15. The method according to claim 10, wherein, The tubular reactor unit used for the production of maleic anhydride has an enhanced heat transfer system, serving as a molten salt circulation or a steam generation surface area, or both; under the conditions of this method, a higher reactor productivity can be achieved compared to prior art methods.
16. The method of claim 10, wherein, The selective catalytic oxidizer used to convert most of the carbon monoxide into carbon dioxide is a fixed-bed tubular reactor, which, under temperature-controlled conditions, ensures that the CO conversion rate is not less than 80% and the butane conversion rate is not more than 5%.
17. The method according to claim 16, wherein, The hot spot temperature inside the selective catalytic oxidizer tube is controlled by using a selective oxidation catalyst mixed with an inert material.

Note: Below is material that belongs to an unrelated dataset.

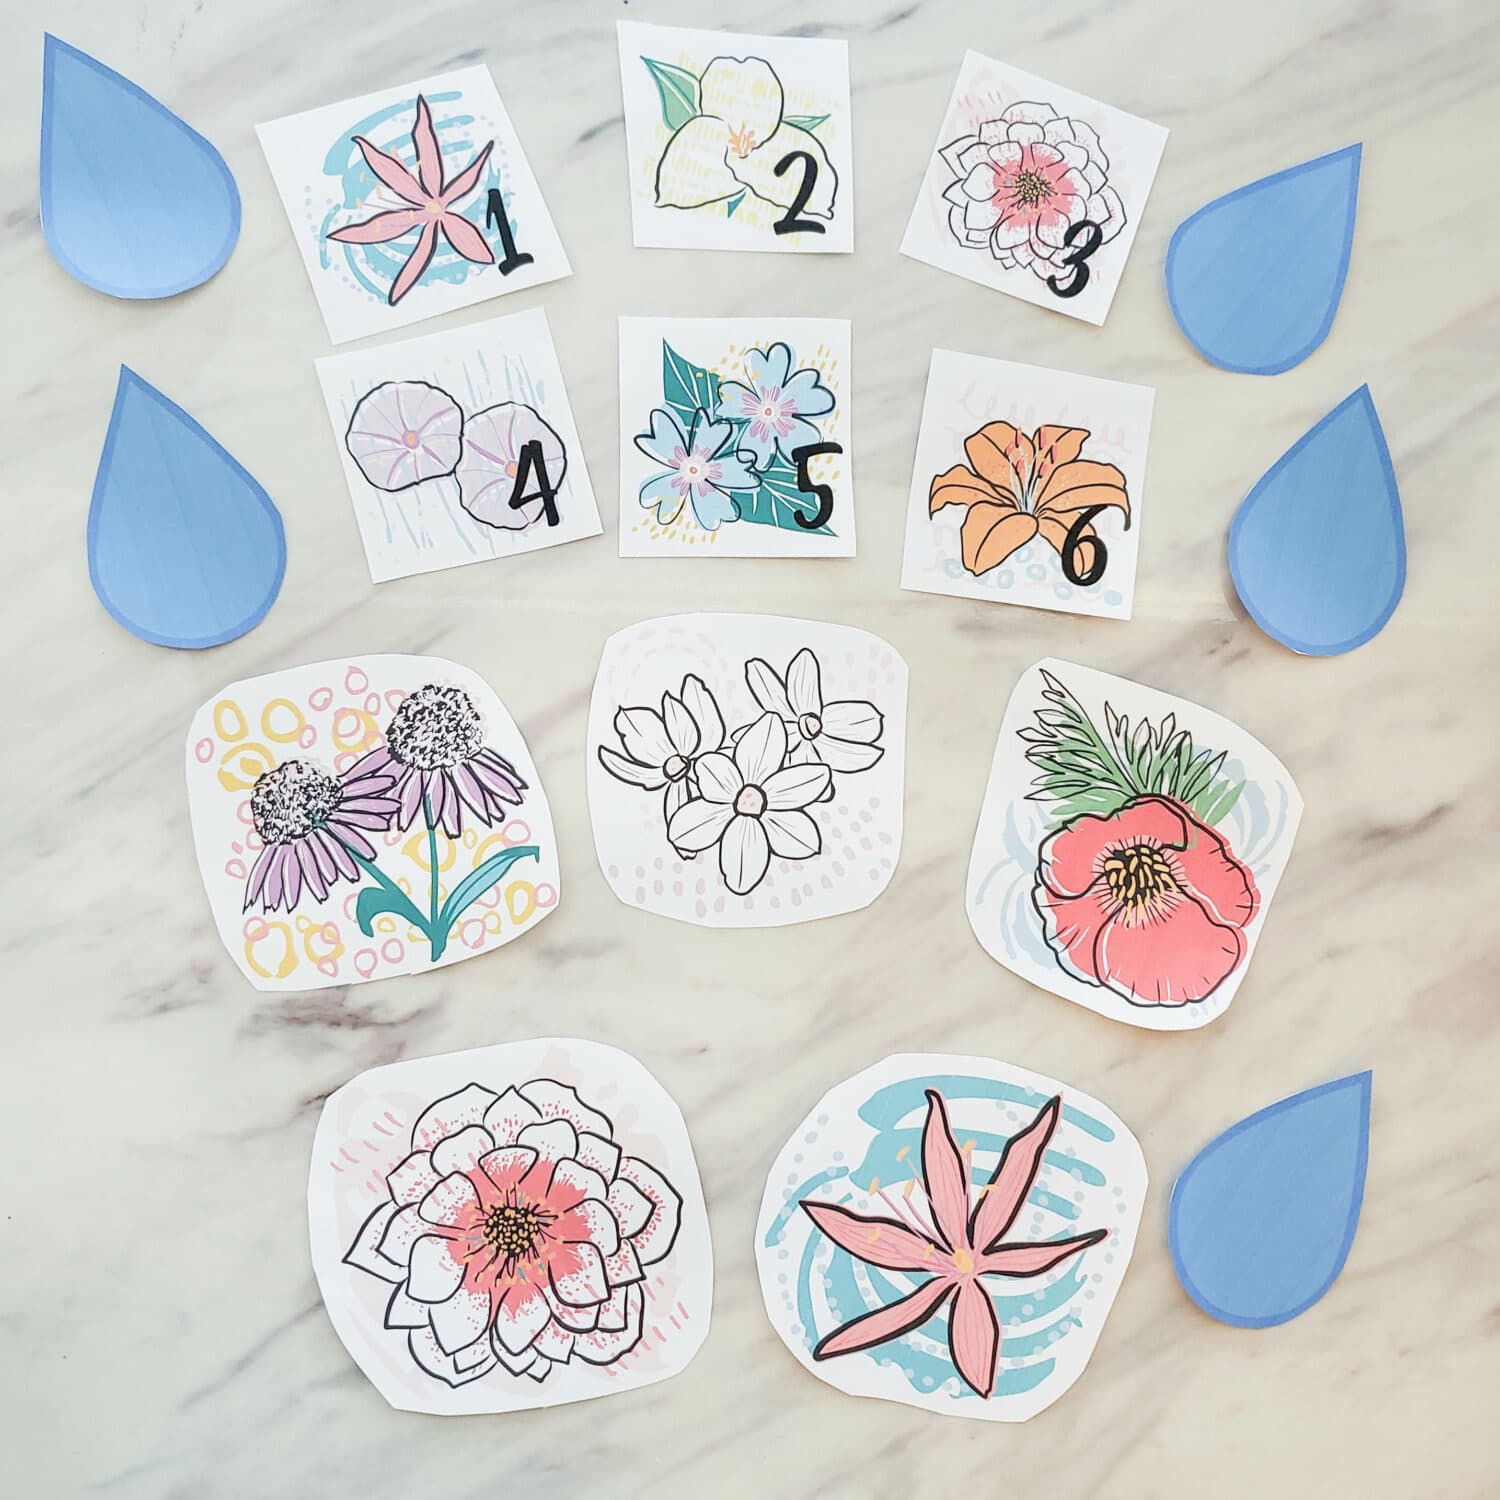 Give Said the Little Stream - spring blossoms and rain drops printable singing time song helps for LDS Primary music leaders

18. The method according to claim 17, wherein, The exothermic reaction is removed by circulating high-pressure water or a different heat transfer medium in the shell side, or, as a preferred option, by generating steam under controlled pressure.
19. The method according to claim 10, wherein, The method includes an absorption step in which a large portion of the unconverted n-butane is recovered from the purge gas described in items h) and j) by using the lean organic solvent of item d) as the absorbent, wherein the pressure of the C4 absorber is higher than the pressure of the maleic anhydride absorber of item d).